Елизавета сделала то, что ей было приказано. Она послушно листала страницы, но ее это совершенно не интересовало. Найти записи было легко. Его мелкий, но четкий почерк был таким же ясным, как и его высокий резкий голос.
— Январь, декабрь, ноябрь, — громко прочитала она и начала перелистывать назад плотно исписанные страницы. — Наверное, на этой странице. Вы снова возобновили переговоры об испанском браке, сразу же после… после…
Он вспомнил и забрал у нее книжку.
— Неважно! Неважно! Теперь я все сам вижу, раз вы нашли примерную дату, — сказал он и, увидев, что она не спешит отдать ему книгу, почти вырвал ее из рук Елизаветы.
Но королева уже успела прочитать что-то весьма для нее интересное. И конечно, эта запись не была озаглавлена «Испанский брак». Это была небольшая запись внизу страницы.
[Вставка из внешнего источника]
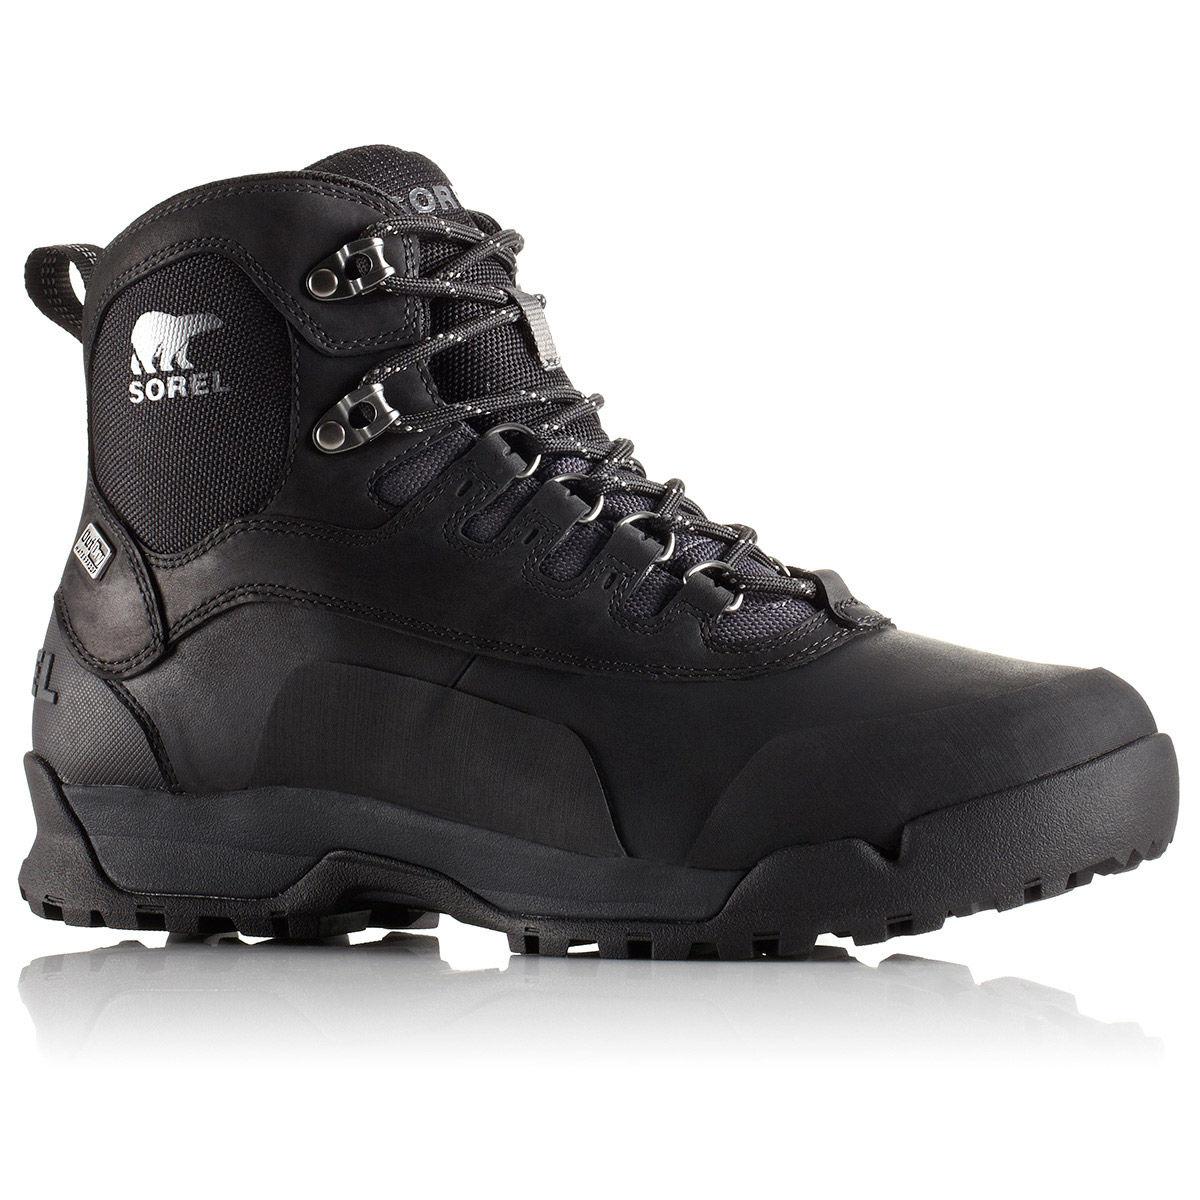 Sorel Paxson Mid Outdry Boots

В ноябре Генрих написал: «Сказать Д., чтобы он оставил открытыми обе двери».
Обе двери? Какие двери? Важность записи была понятна ей даже сейчас в ее огромном горе. Это была та самая неделя, когда Перкин и ее кузен Уорвик попытались удрать и когда сэр Джон Дигби был комендантом Тауэра. Еще до того, как ее муж нашел информацию об испанском браке которую искал, Елизавета с ужасом поняла, что ее муж Генрих Тюдор был осторожным и хитрым убийцей, как и ее дядюшка!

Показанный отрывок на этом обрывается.